# UK Spring Fair Rally Newark



## LadyJ

Hi All

Just a reminder if you want to camp with us at Newark and get the £5 discount you have to *pre book* with Event Developments before *31st January 2011* and don't forget to tell them you are with *MOTORHOMEFACTS *

Jacquie


----------



## LadyJ

Only *4 WEEKS* left now to get the cheaper rate of £35 for the weekend at Newark if you do not book before *31st January 2011* it will be £40 for the weekend.

Also we have a following meet at Mablethorpe if any of you would like to join us there Monday to Friday see the listing

Mablethorpe Meet

Jacquie


----------



## LadyJ

Only * 3 WEEKS* left now to get Newark at the price of £35 for the weekend folks after that it will be the full price of £40.

We do seem to have quite a few on the rally list showing un confirmed so who's booked and who hasn't yet :?:

Jacquie


----------



## Hezbez

LadyJ said:


> We do seem to have quite a few on the rally list showing un confirmed so who's booked and who hasn't yet :?:
> Jacquie


Hi Jacquie,

I'm on the list as unconfirmed and just found out this week I cannot make Newark due to work committments  . So I can be taken off the Newark list please.

Also, same work committments mean I cannot get to Ken's Spain Meet in Denia in April  .
I PM'd Ken at the weekend to let him know - on the bright side this will open up a space for someone on his 'waiting list'.

How do I need to get my name removed from the Spain Meet list of attendees?

Thanks


----------



## LadyJ

Hi Morag

I will take you off both lists sorry you can't make either  


Jacquie


----------



## clianthus

Hi

Just thought I'd remind you all before you start on the New Year Celebrations and forget everything for the next few weeks :lol: :lol:

The price for this show is *£35* for the weekend for Motorhomefacts members, if booked *before 31st January 2011* after that it is *£40 *for the weekend.

So if you are thinking of going and want the reduced rate you should book-up as soon as you can.

Booking instructions are in the Rally listing here:

http://www.motorhomefacts.com/modules.php?name=Rallies&op=display_results&rid=301


----------



## LadyJ

Only *4 WEEKS* left now to book at the cheaper price of £35 for the weekend after *MONDAY 31ST JANUARY *2011 it will be £40.
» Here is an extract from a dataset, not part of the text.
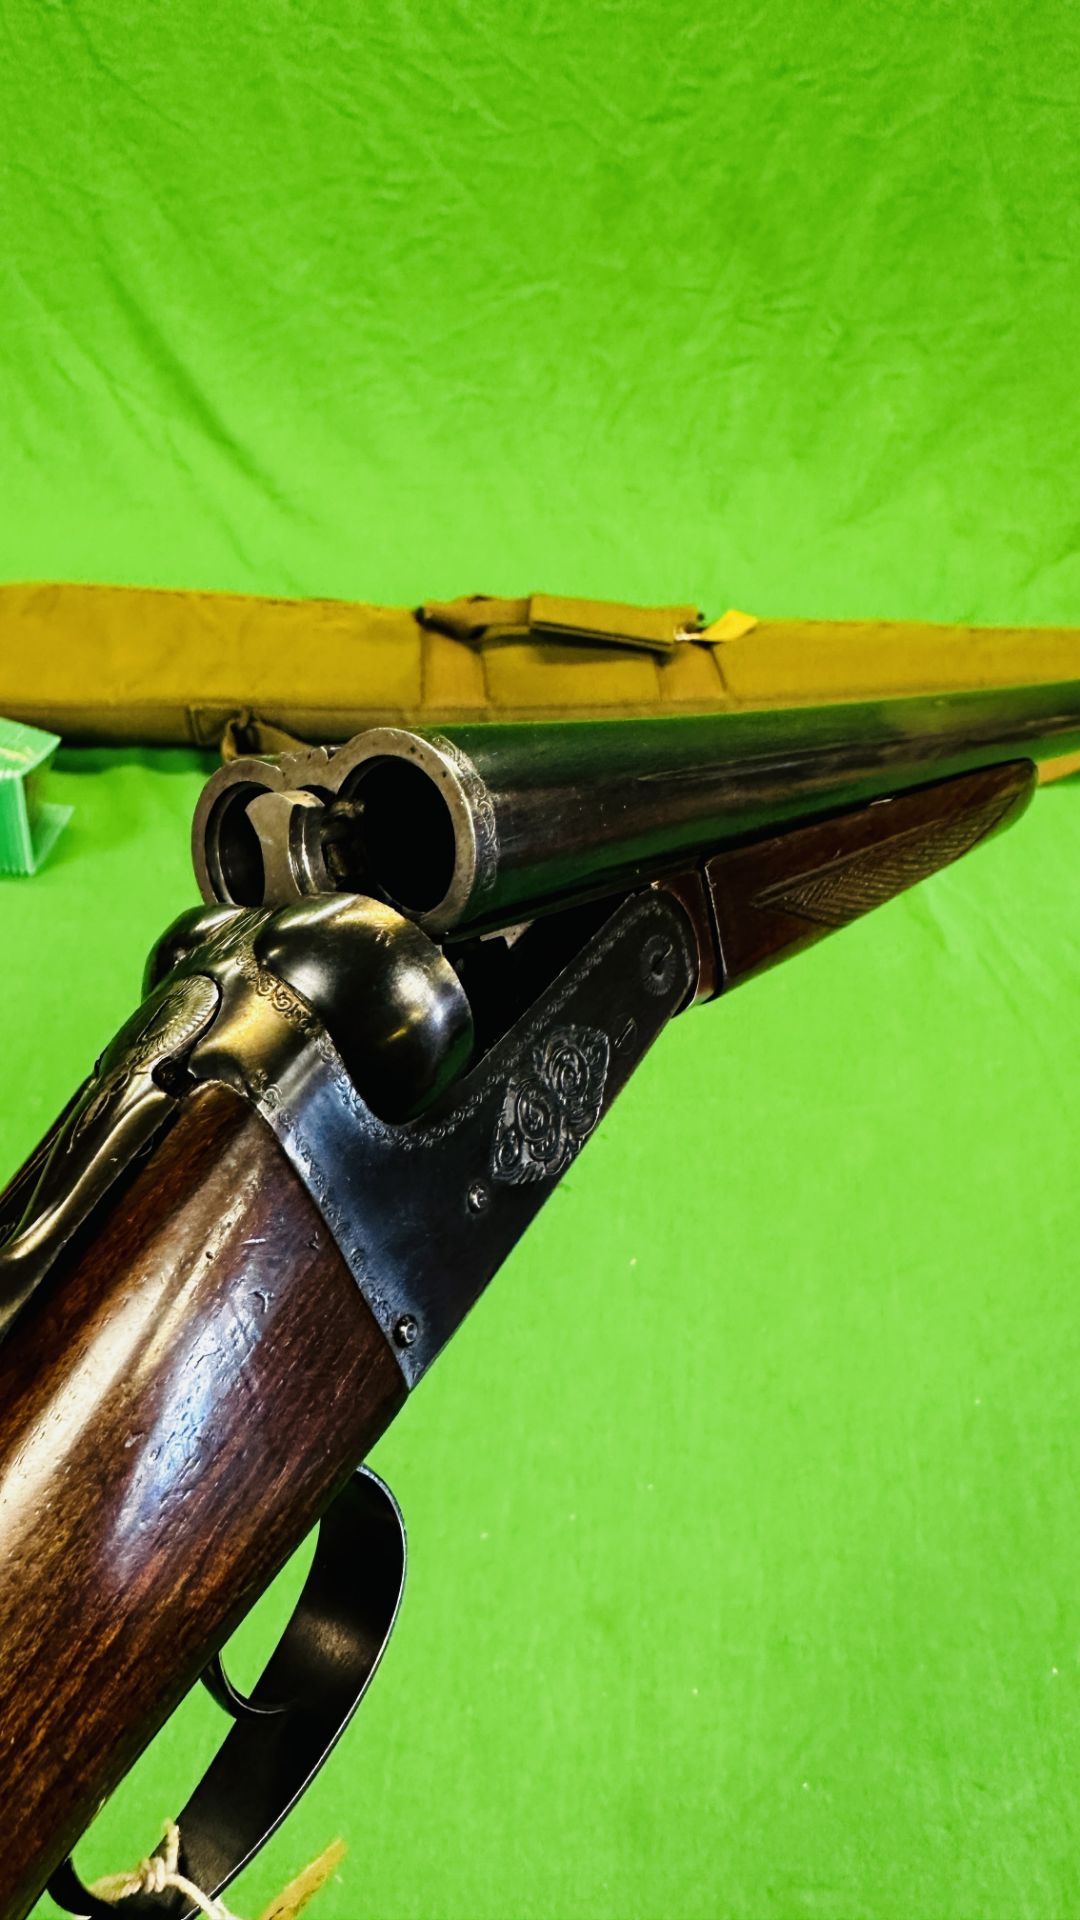 ZABALA 12 GAUGE SIDE BY SIDE SHOTGUN #192092 WITH GREEN PADDED GUN SLEEVE - (REF: 1452) - (ALL GUNS - Image 7 of 16
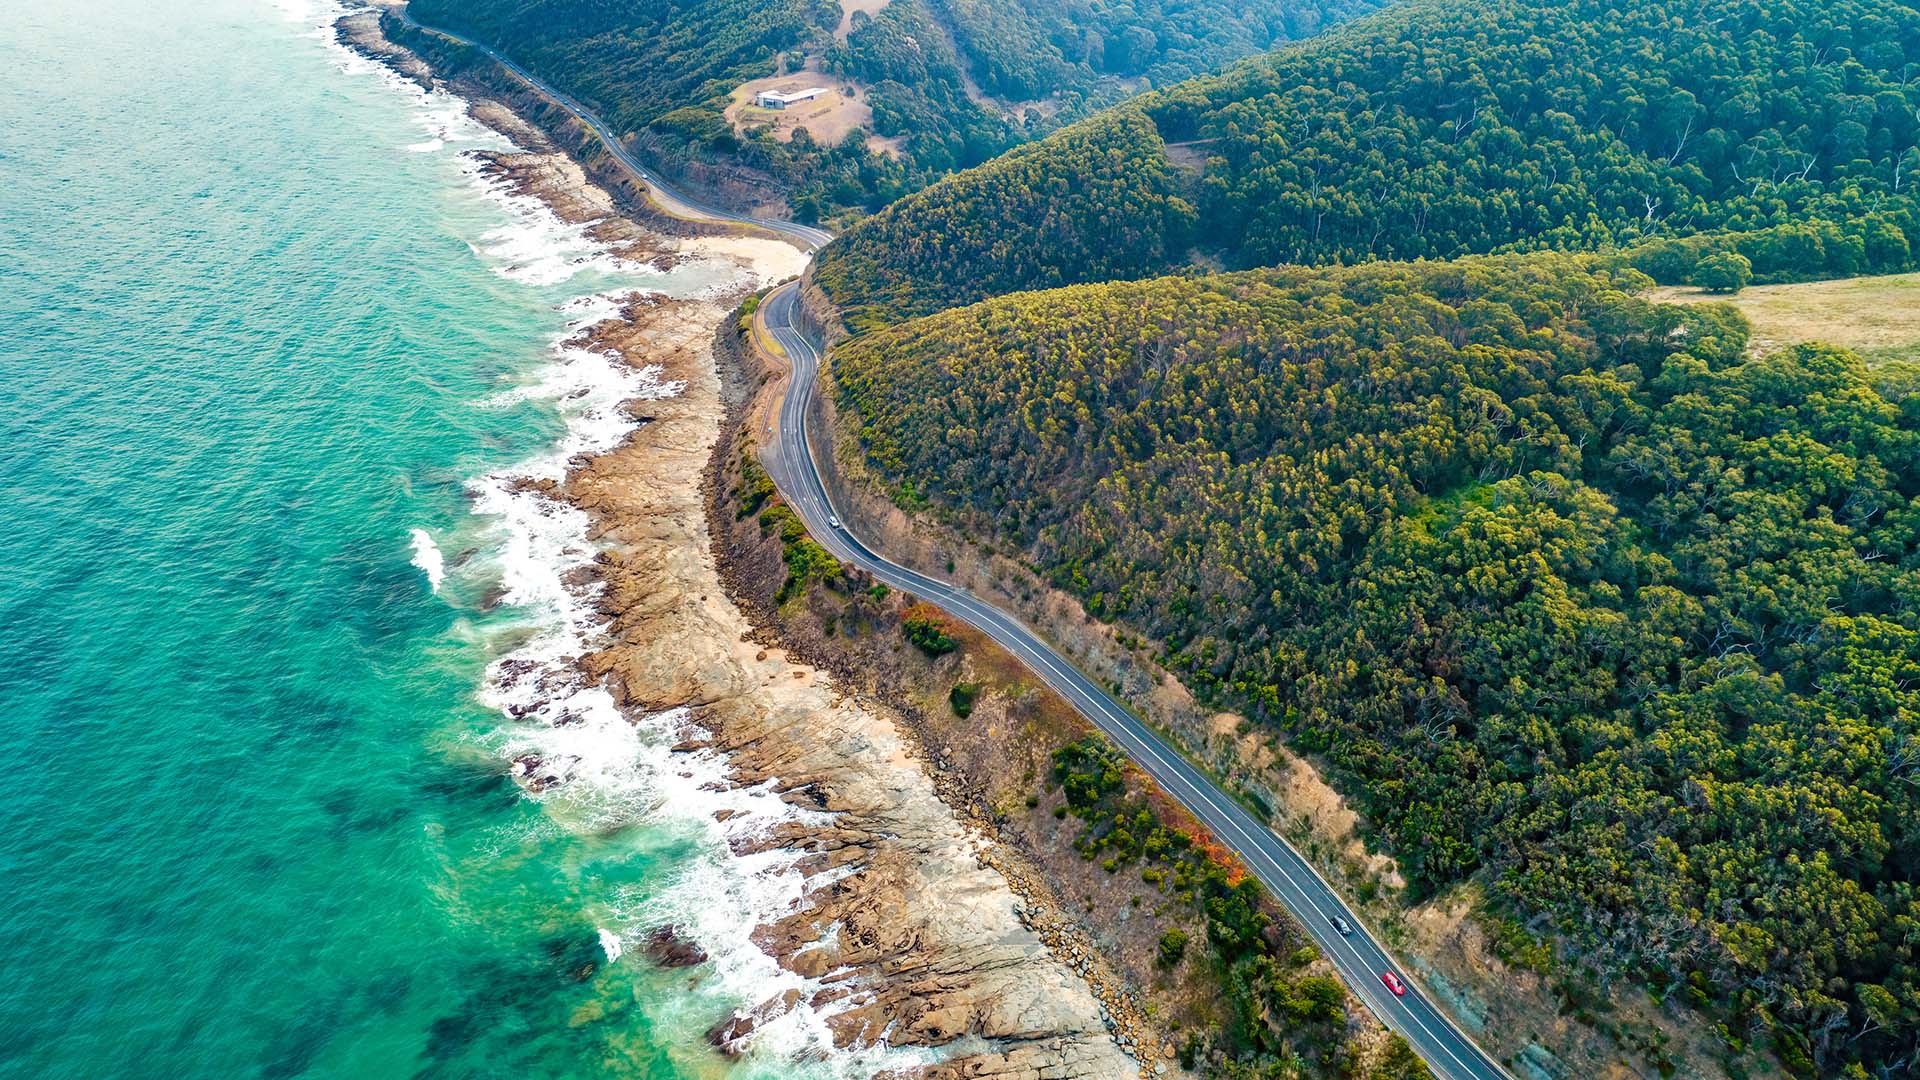 great ocean road along australia's coast

We also have a follow on meet at Golden Sands Mablethorpe from the Monday to Friday if anyone is interested

Golden Sands Meet

Jacquie


----------



## LadyJ

Only 3 weeks left now to book at the cheaper price for this show.





Jacqui


----------



## LadyJ

I see we now have 25 on the rally listy have you all booked :?: you only have 20 days left now to book at the cheaper price of £35 for the weekend after 31st January it will be £40.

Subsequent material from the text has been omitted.